REQUIRED WORK: An exact copy of the data is needed, one that excludes all pictures.

DATASET EXTRACT:
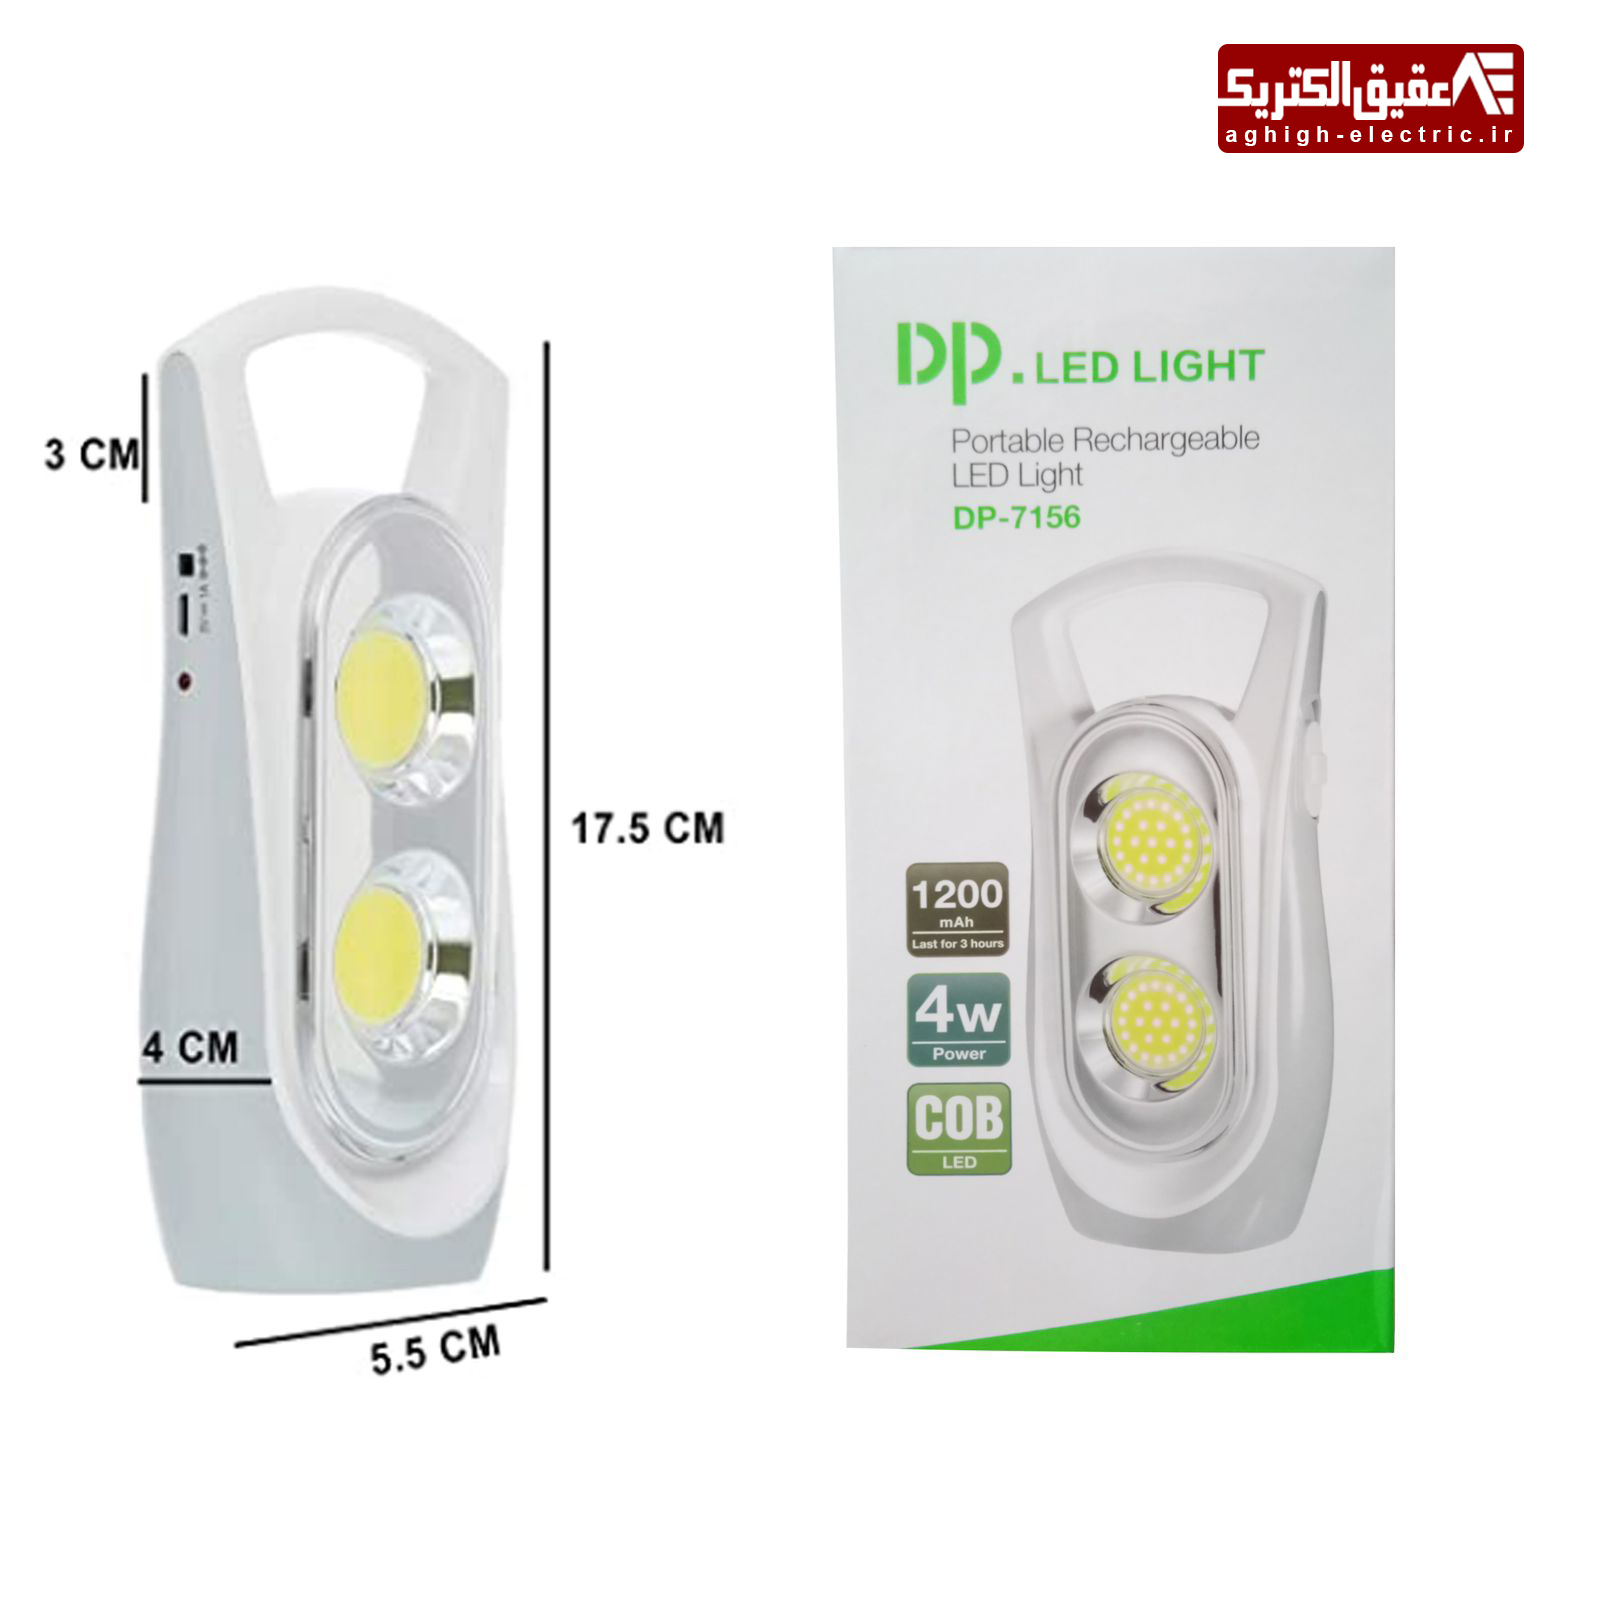 چراغ اضطراری دی پی مدل DP7156 ( عقیق الکتریک ) چراغ اضطراری شارژی DP.LED LIGHT DP-7156
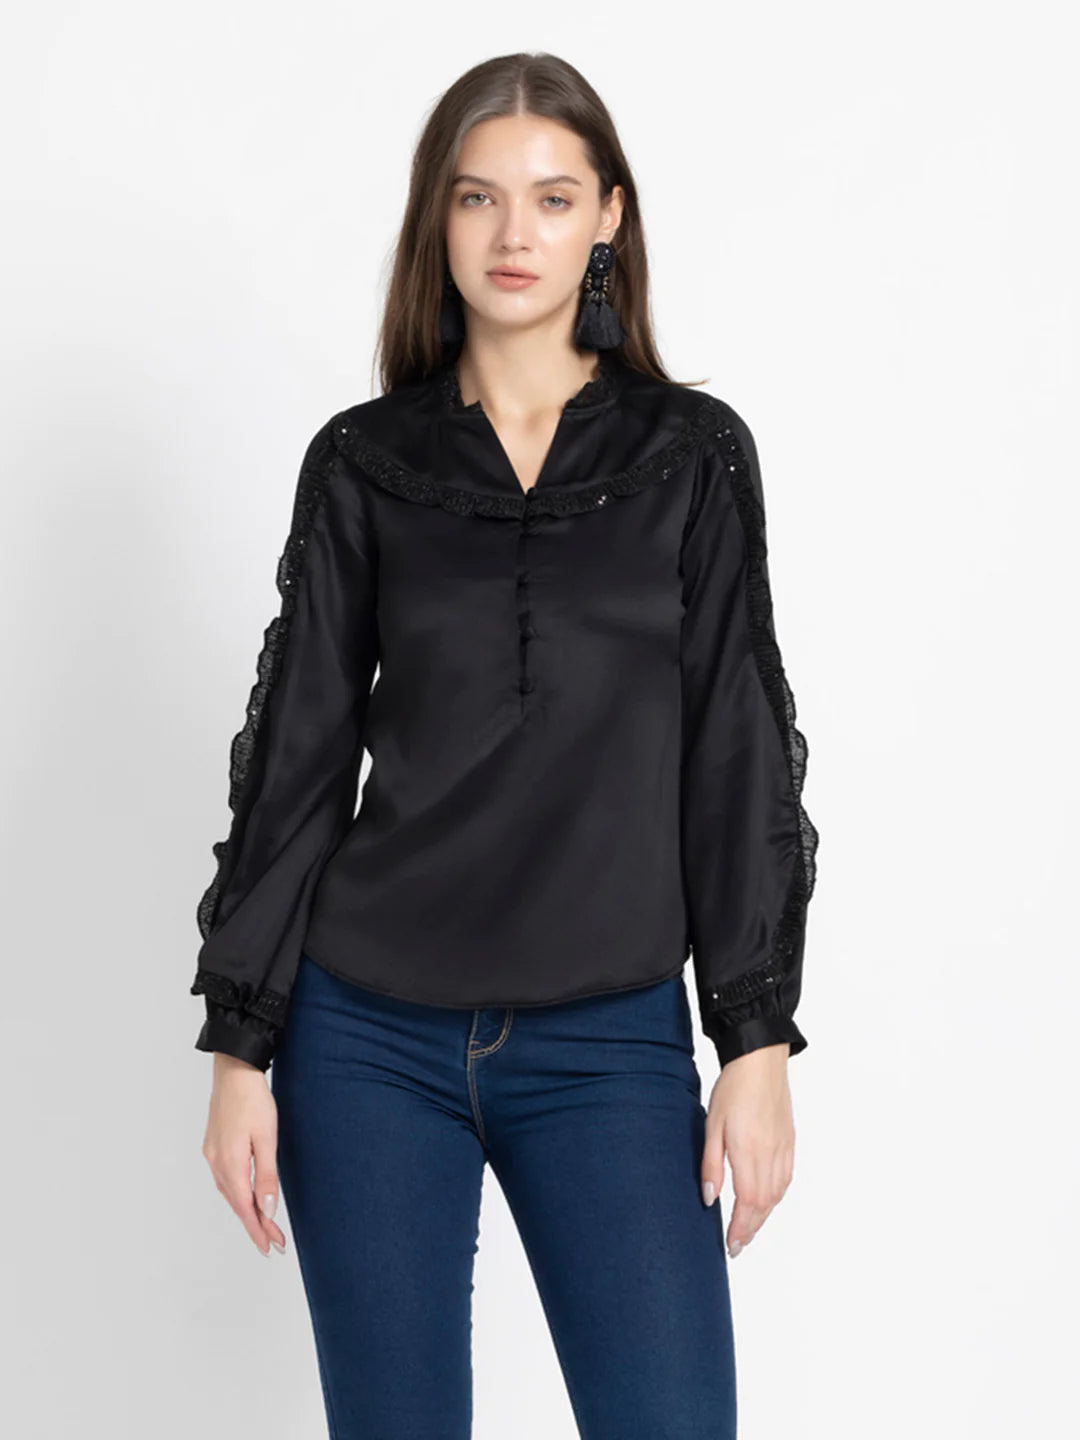 Black Party Shirt for Women | Elegant Noir Black Frill Sleeves Party Shirt
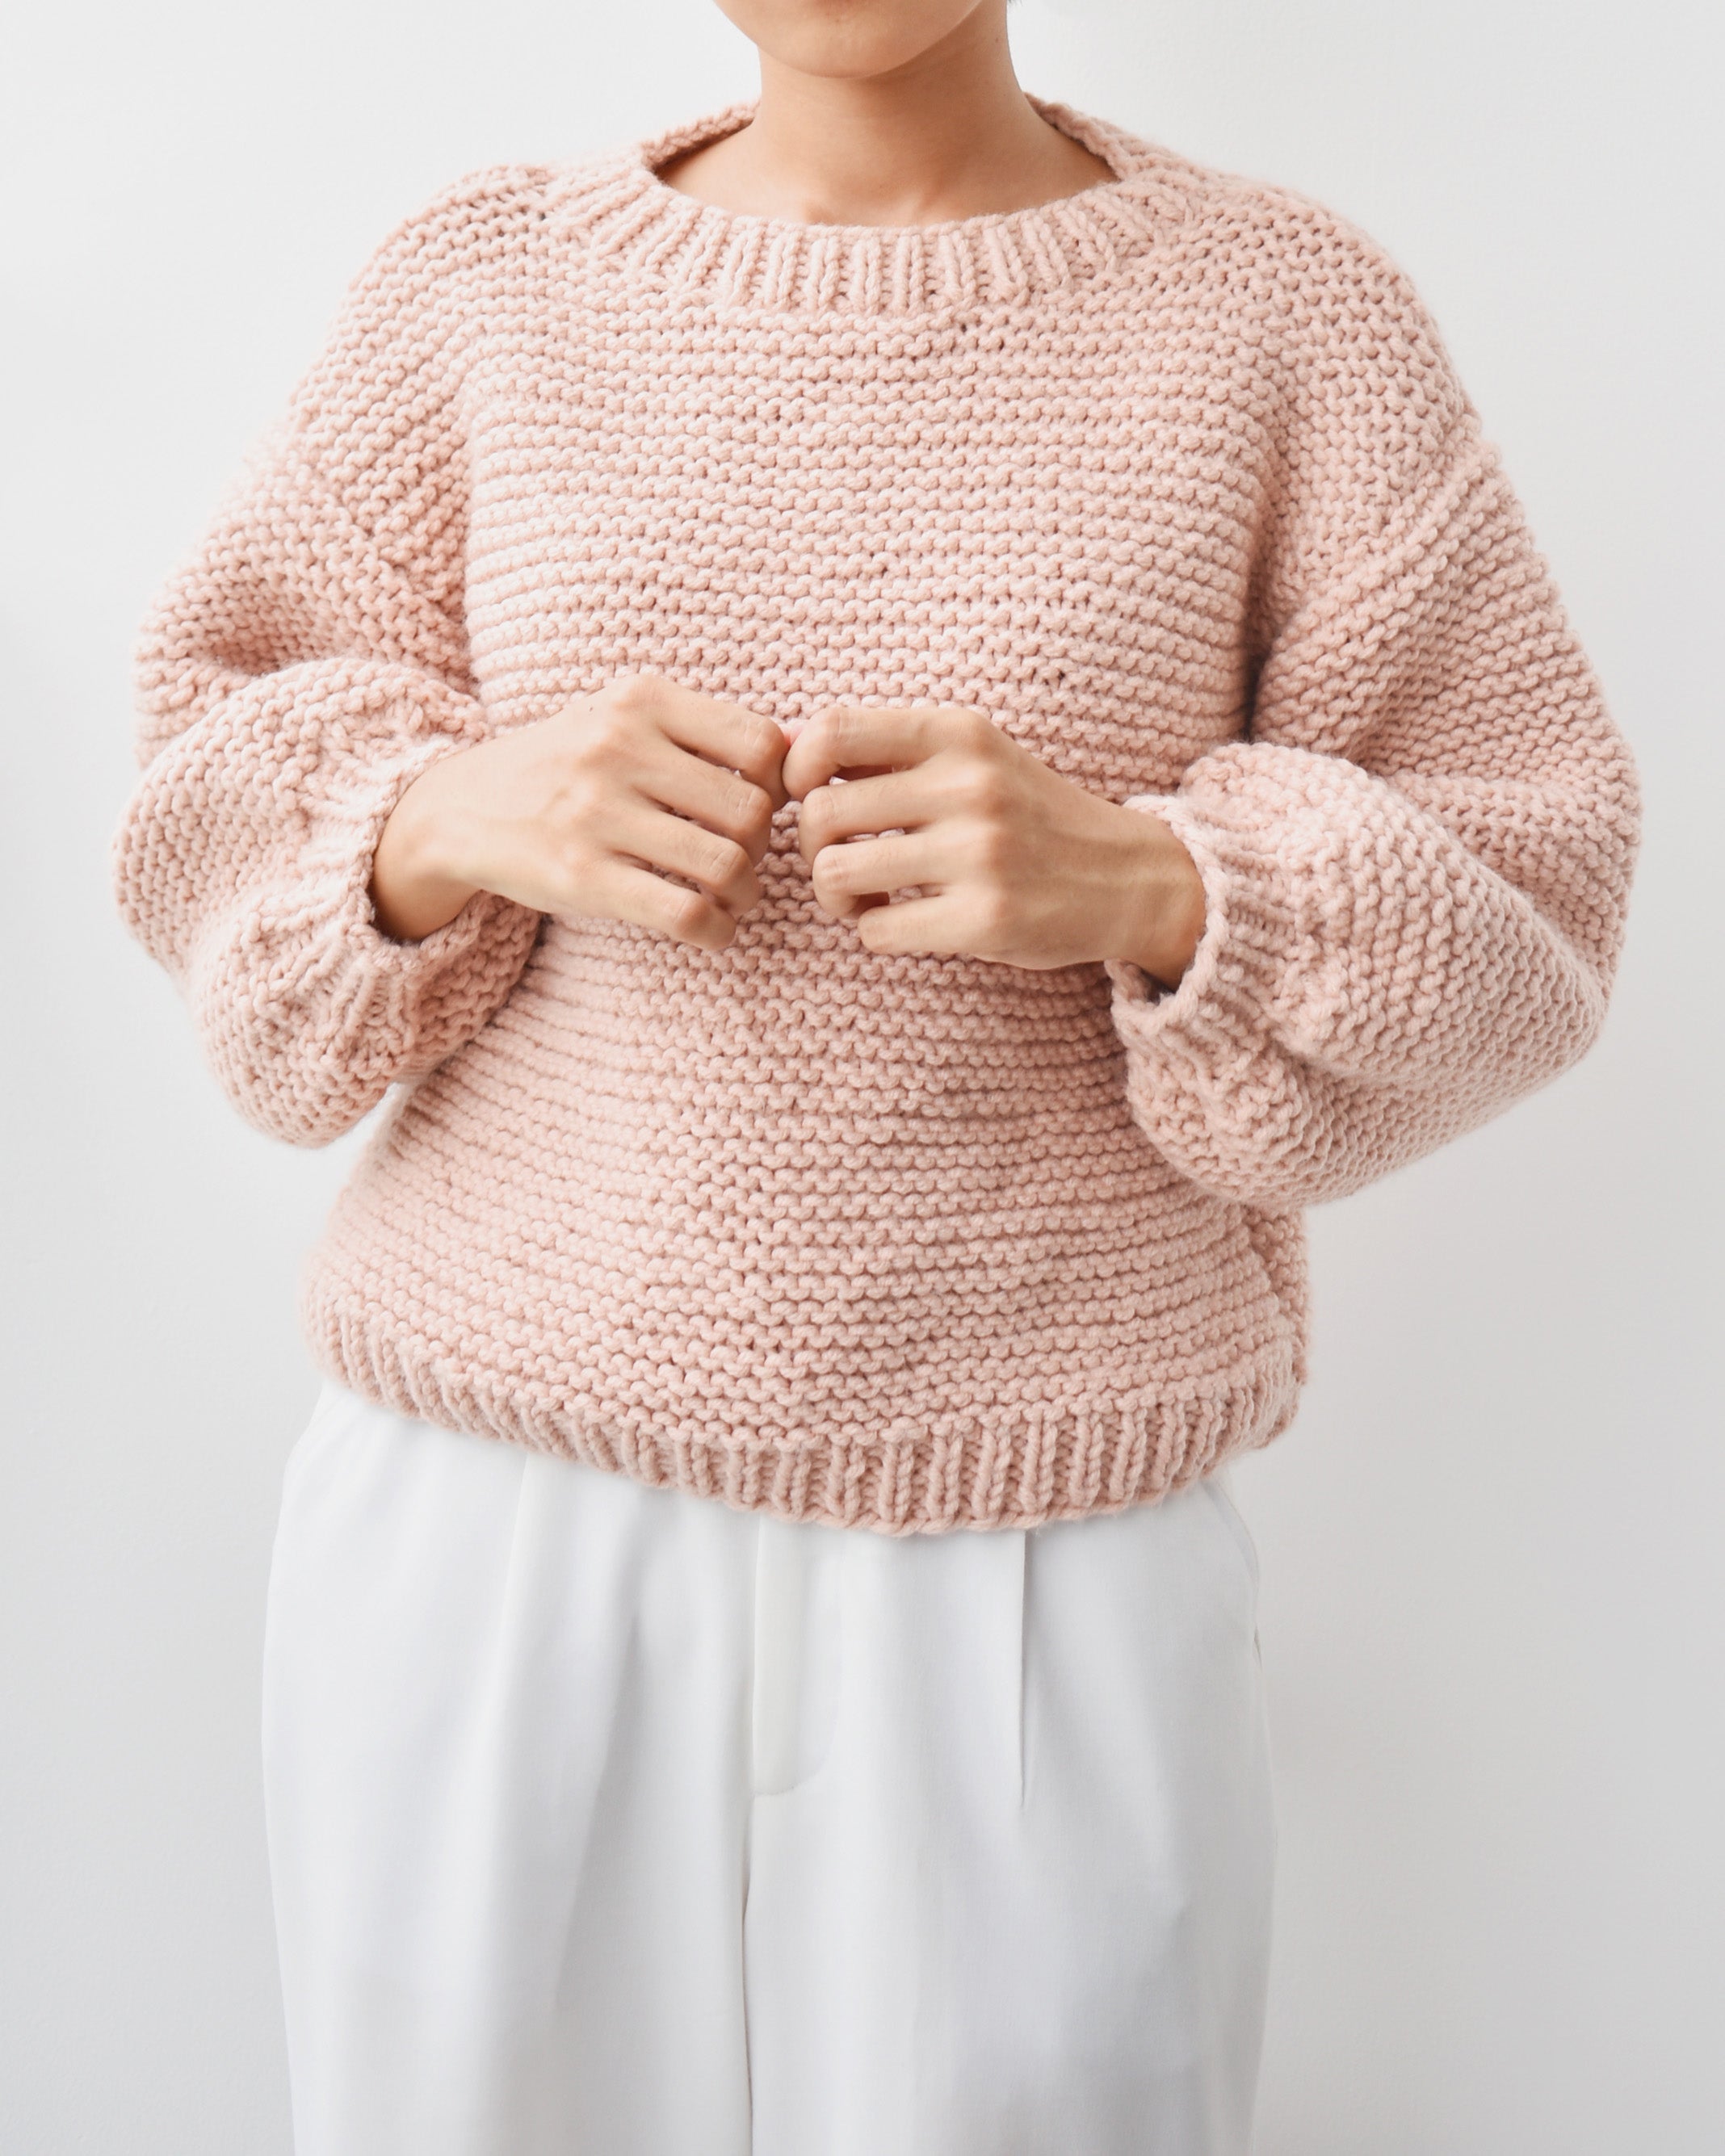 Sweater No.3 | Beginner knitting pattern – Daisy & Peace

WRITTEN RESPONSE:
 چراغ اضطراری دی پی مدل DP7156 ( عقیق الکتریک ) چراغ اضطراری شارژی DP.LED LIGHT DP-7156
 Black Party Shirt for Women | Elegant Noir Black Frill Sleeves Party Shirt
 Sweater No.3 | Beginner knitting pattern – Daisy & Peace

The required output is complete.